▸ TASK TO COMPLETE
Please copy out the full listing that follows exactly; no picture belongs in the copy.

*** Opening SUPPLIED MATERIAL ***

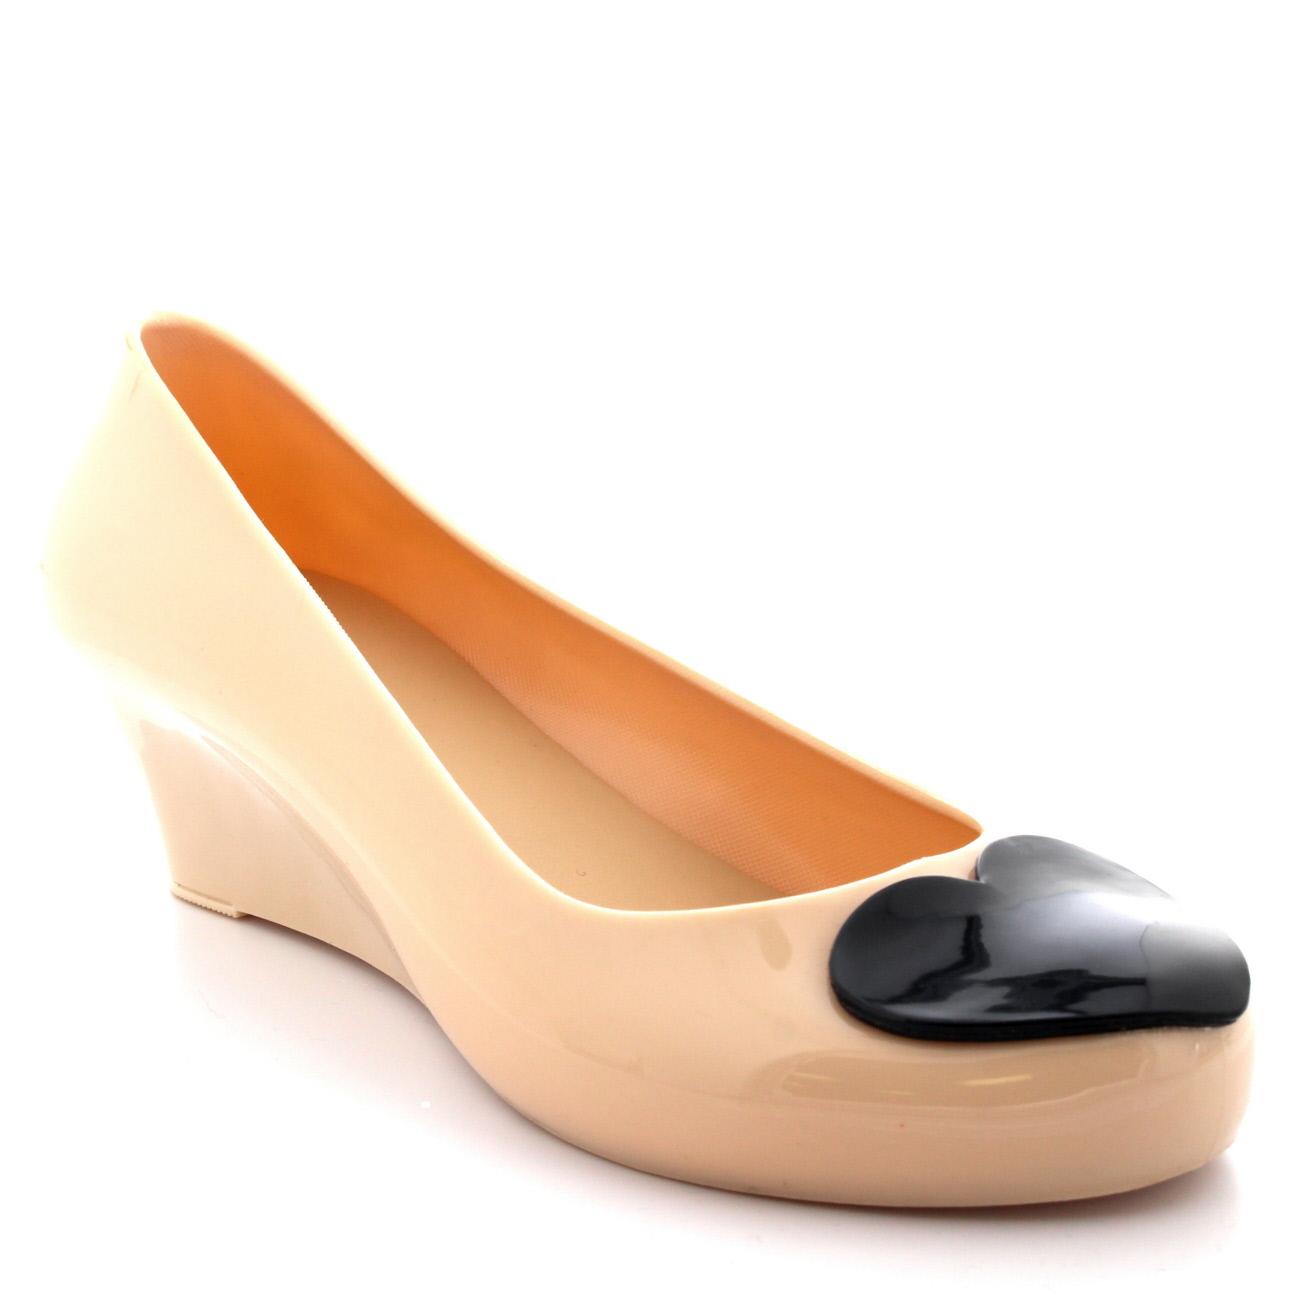 Details about Womens Love Heart Slip On Summer Jelly Wedge Heel Ballet Ballerina Shoes UK 3 9
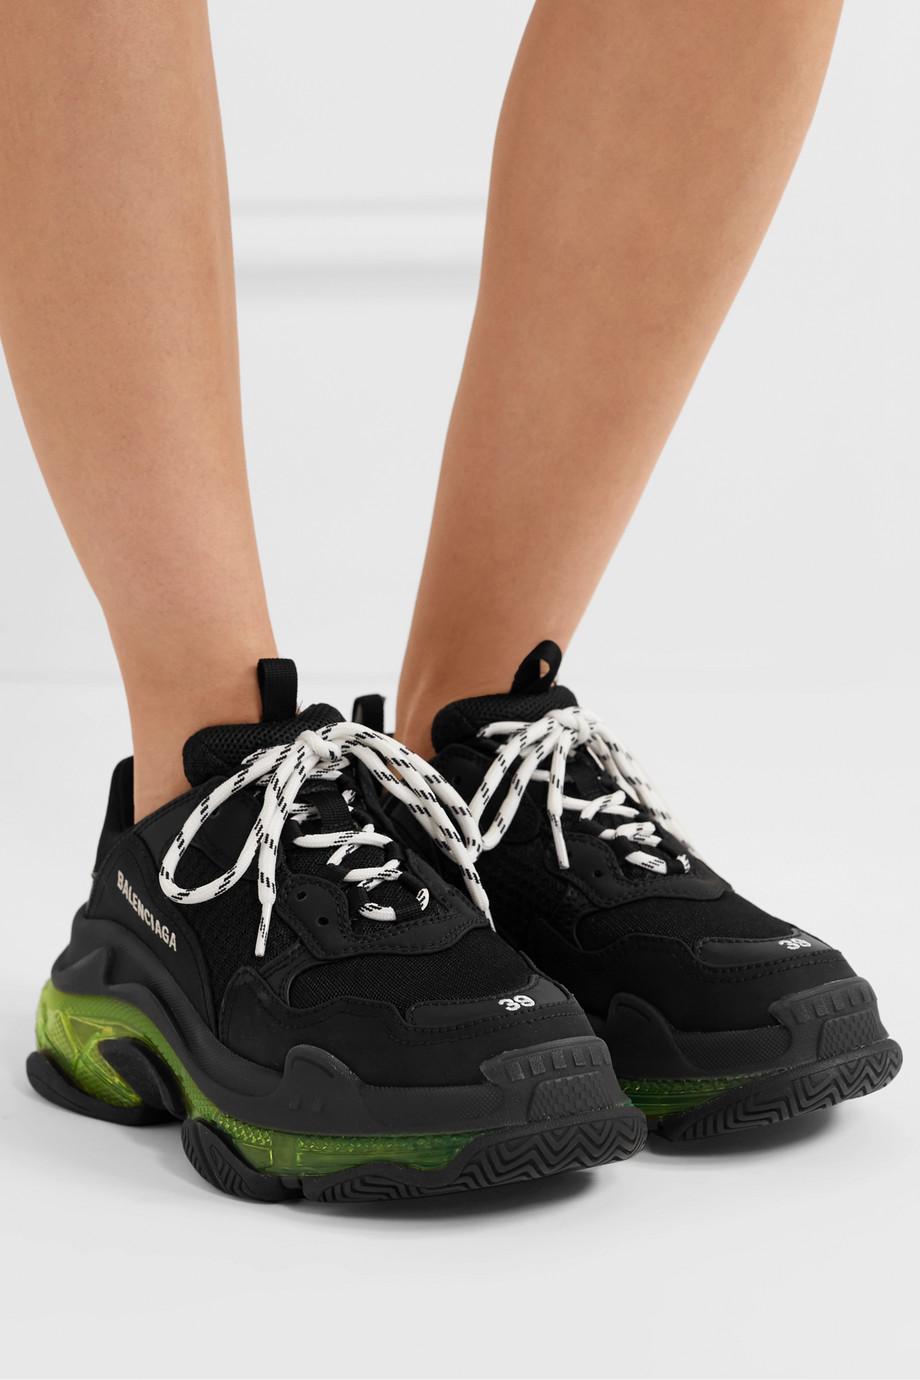 Balenciaga Triple S Clear Sole 品牌标志刺绣皮革牛巴革网眼运动鞋
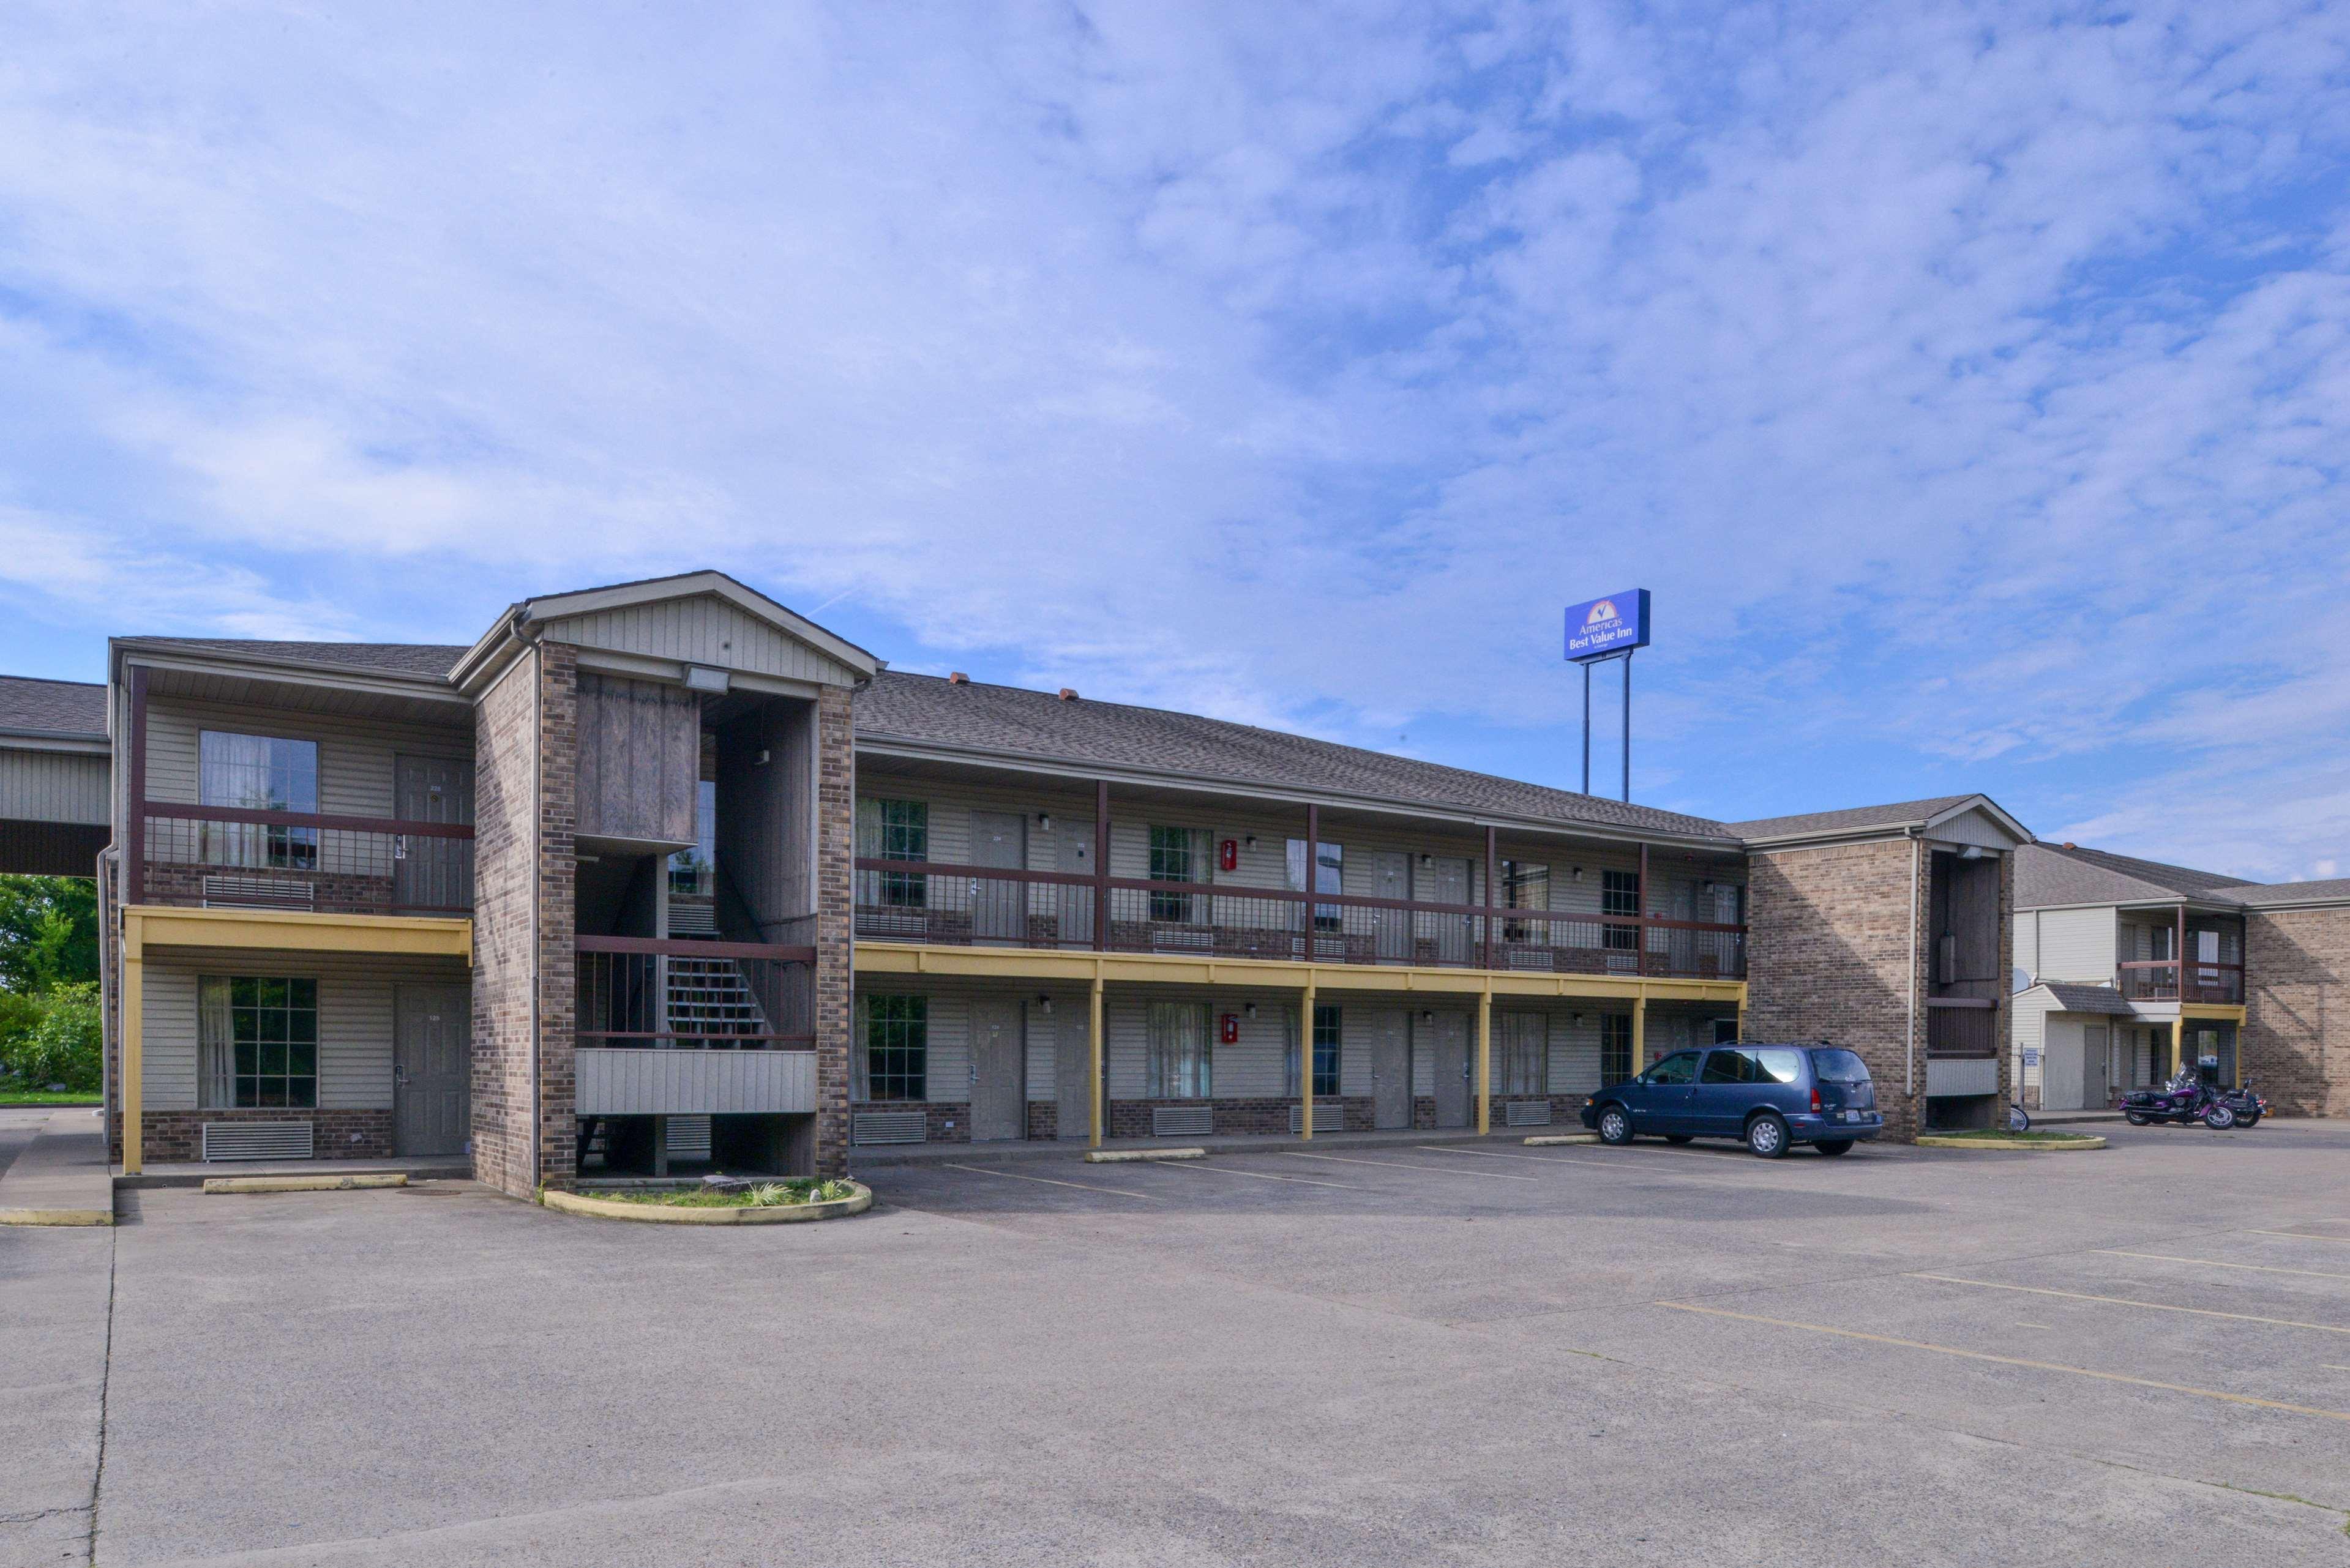 Land O Lakes Wi Hotels And Motels
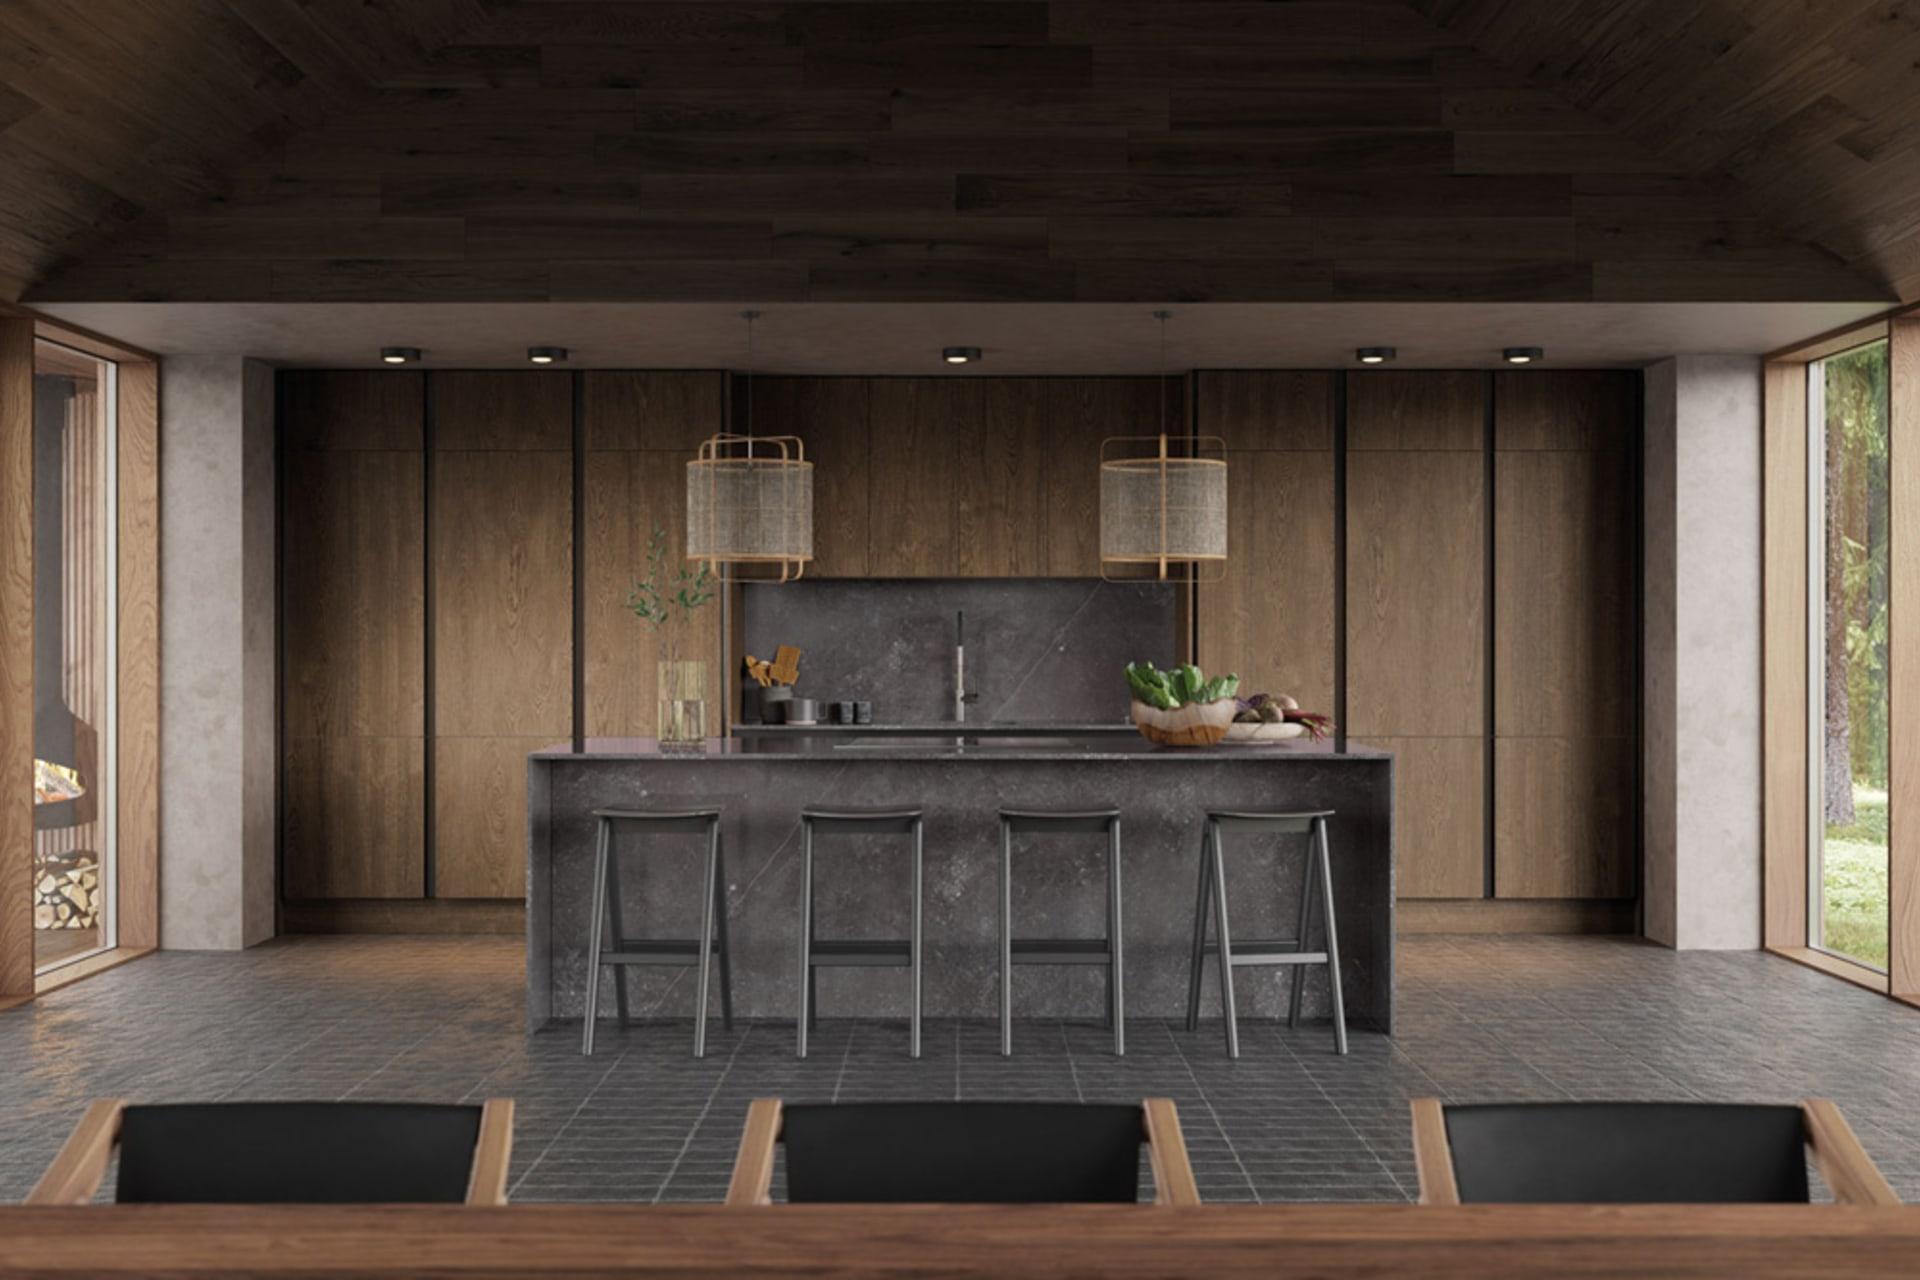 Integra Nordic Nature. Modern kitchen concept with a sleek handless design and fluted oak effect wood doors

*** Closing SUPPLIED MATERIAL ***

▸ OUTPUT FOR THIS EXERCISE
 Details about Womens Love Heart Slip On Summer Jelly Wedge Heel Ballet Ballerina Shoes UK 3 9
 Balenciaga Triple S Clear Sole 品牌标志刺绣皮革牛巴革网眼运动鞋
 Land O Lakes Wi Hotels And Motels
 Integra Nordic Nature. Modern kitchen concept with a sleek handless design and fluted oak effect wood doors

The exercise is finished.